I believe you have two separate water systems though.  I only have one water system and that's my potable water supply.  I don't need a separate storage tank, but I feel it's better to have one.

If I weren't to have a separate tank, I could hook things up as shown below.


----------



## brant2000 (Mar 27, 2014)

So your boiler will have a DHW coil installed in it, correct?  I would recommend simply using a small circulator to draw water off the bottom of your HW tank ->through the DHW HX -> and return into the top of the HW tank.  You can wire it in with the thermostat on the lower electric element, to control the tank temperature.


----------



## JRHAWK9 (Mar 27, 2014)

No, I don't have a boiler.....I have a wood burning furnace.

With a separate storage tank before the water heater, I'll receive year around benefits as well, as it will then act more as a tempering tank to warm the water up to ambient before being heated by the water heater.


----------



## brant2000 (Mar 27, 2014)

Then do you plan for it to be insulated or not?  Each would be detrimental in the opposite season.


----------



## JRHAWK9 (Mar 27, 2014)

If I used a water heater with the elements removed I would just leave it as is with the OEM insulation.  You're right though, insulation during the summer months would go against what I would want to accomplish.


----------



## JustWood (Mar 27, 2014)

JRHAWK9 said:


> If I used a water heater with the elements removed I would just leave it as is with the OEM insulation.  You're right though, insulation during the summer months would go against what I would want to accomplish.

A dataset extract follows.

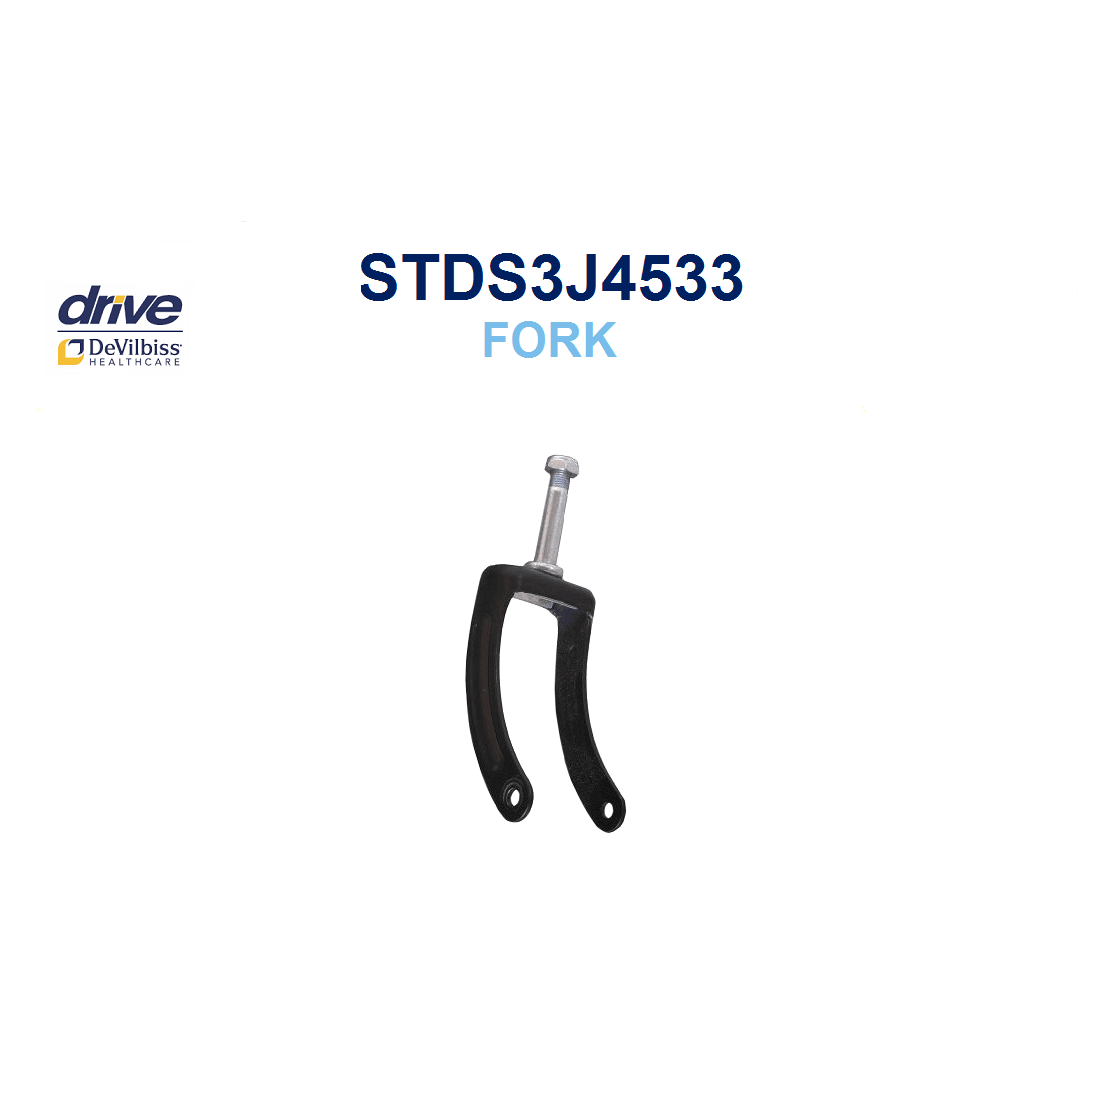 Drive Medical Standard Replacement Caster Fork, STDS3J4533 each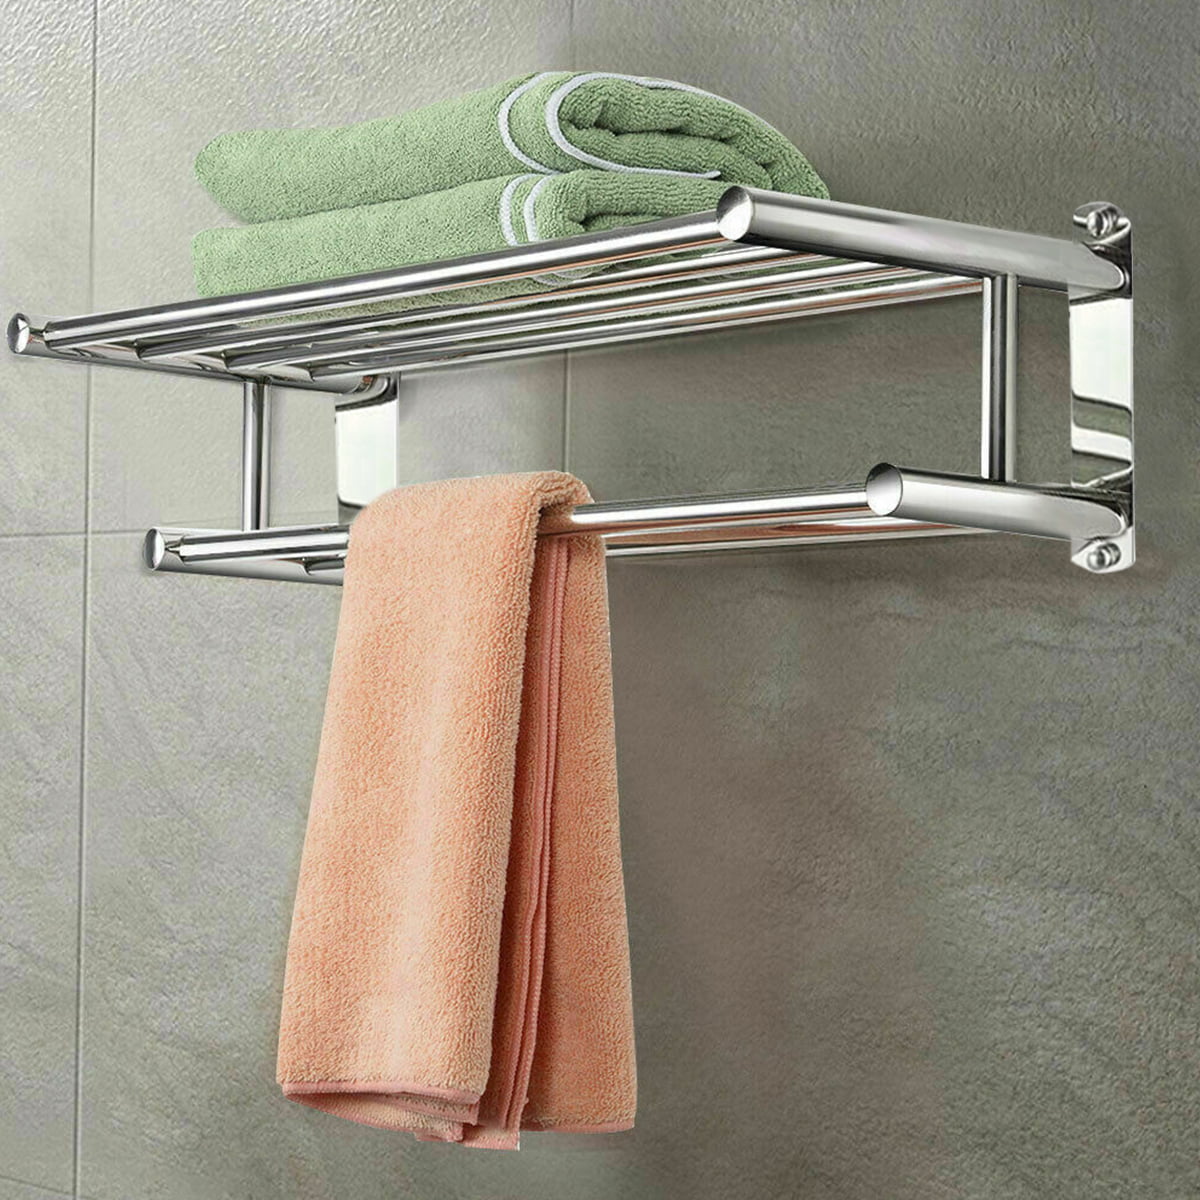 Towel Rail Rack Storage Shelf Bar Stainless Steel Wall Mounted Bathroom Hotel US

You could easily add some shutoffs and T's with a radiator close to the tank to bypass the coil and warm up your water in summer months . If you had a south window close by you could put the radiator in the window for some solar gain.


----------



## M1sterM (Mar 27, 2014)

When using a woodburning appliance to heat a DHW loop, I believe the standard recommendation is to use a tempering or "mixing" tank to ensure superheated water doesn't get directly added into the house water line.  That's why a tempering tank is recommended to buffer the water temperature.


----------



## M1sterM (Mar 27, 2014)

jrhawk...in your second diagram, where's the cold water supply?  (I still recommend the tempering tank, I think).

Also, have you looked at indirect water heater tanks?  Those use a closed system for the heater running to a heat exchanger in a tank.


----------



## JRHAWK9 (Mar 27, 2014)

cold water?  who needs cold water?  

Yeah I have.  That's what my first link points to.  You'd need a whole other storage tank for your closed system supplying water to the heat exchanger.  It's not like I have a boiler system where I can feed the boiler water through the heat exchanger.


----------



## STIHLY DAN (Mar 27, 2014)

JRHAWK9 said:


> Hopefully they don't mind I share this.
> 
> -HERE- is what a local master plumber recommends for one.



This is exactly how I have mine. I do drain and bypass the tempering tank when not in the burning season. In a few weeks I will be adding a 3rd tank post hpwh  for more summer storage to keep it in hp mode.


----------